After that we have the worker, which helps Tesseract run in the background; in the createWorker
function, we have a logger option.
Next, we created convertImageToText
function, which is our main function. It will do exactly what it says: convert our image to text.
First, we load the Tesseract core scripts using the worker.load()
function. After that, we load the language trained model from the cache storage. Otherwise, it will download the trained modal from the Tesseract server, cache it, and use it.
After loading the language model, we initialize Tesseract using worker.initialize()
, then pass in eng
for English, which is our preferred language.
Next, we need to call the recognize
function and pass in the image URL. It will return the text as data; after receiving the data, we set it to our ocr
state using the setOcr
function so that we can show it to the user.
We also have a handleImageChange
function, which is triggered when we choose another image.
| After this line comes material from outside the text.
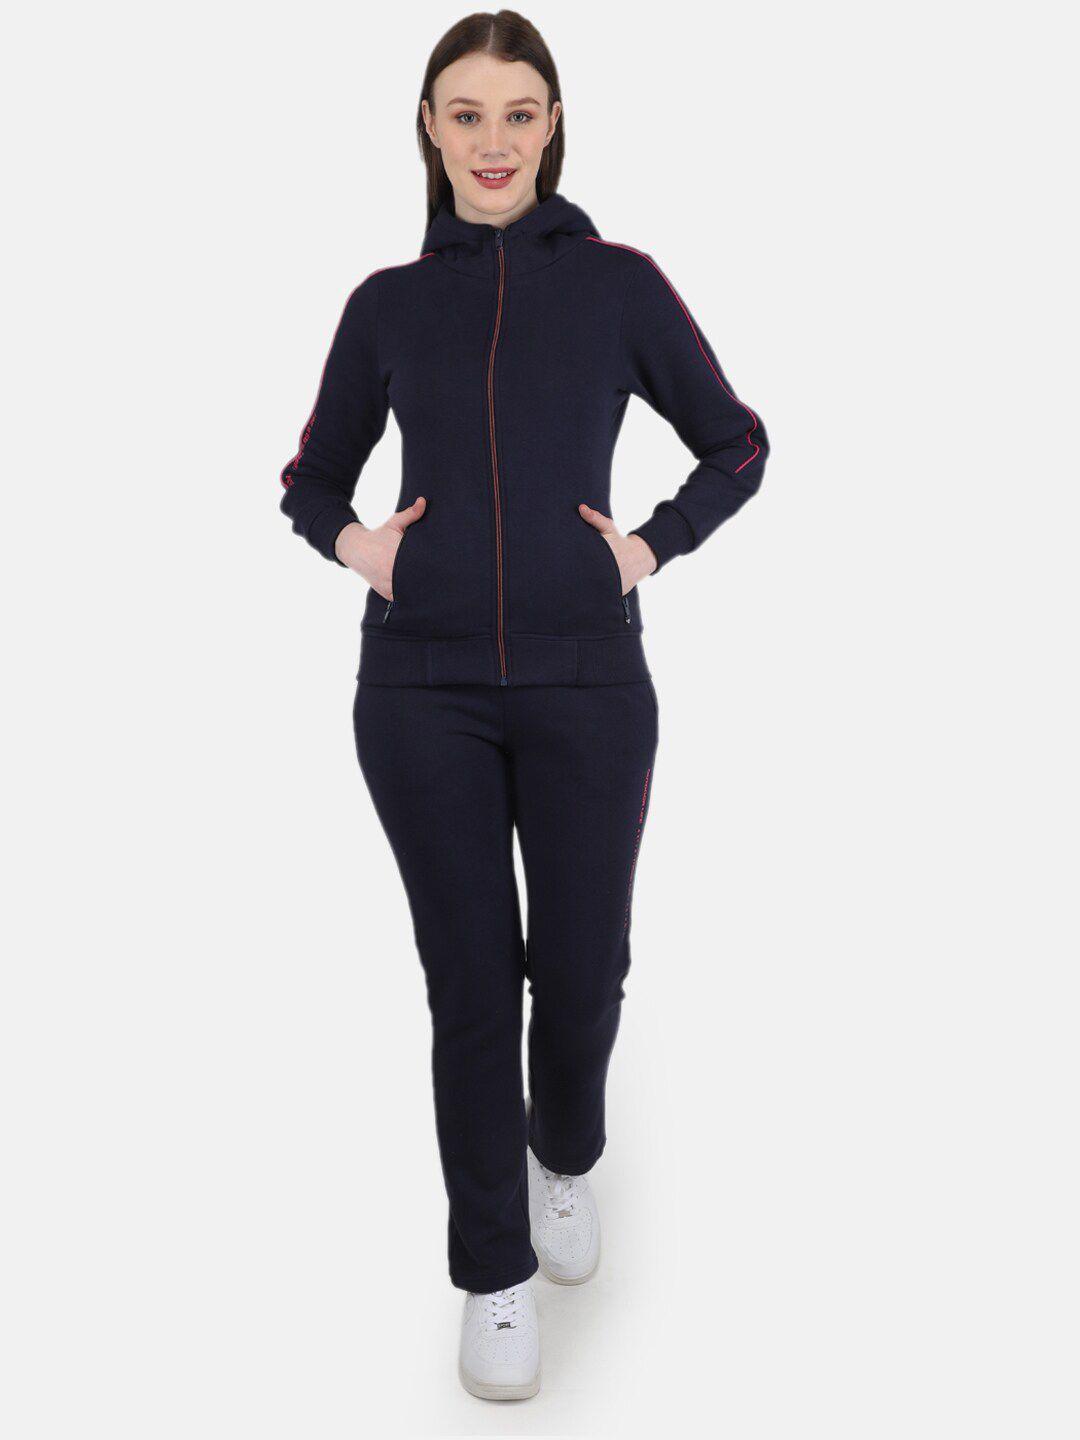 monte carlo women hooded neck tracksuits

In this function, we read the file and store its data in the imageData
state.
Finally, let’s write some JSX for the UI.
In the UI, we have an input tag with type="file"
and an onChange
prop, which is handled by our handleImageChange
function that we wrote previously.
At the the bottom, we are displaying the image using imageData
, and showing text using the OCR state.
Now if you run your app, it will convert the text and show it on the UI. However, you will notice that it takes some time to show that text.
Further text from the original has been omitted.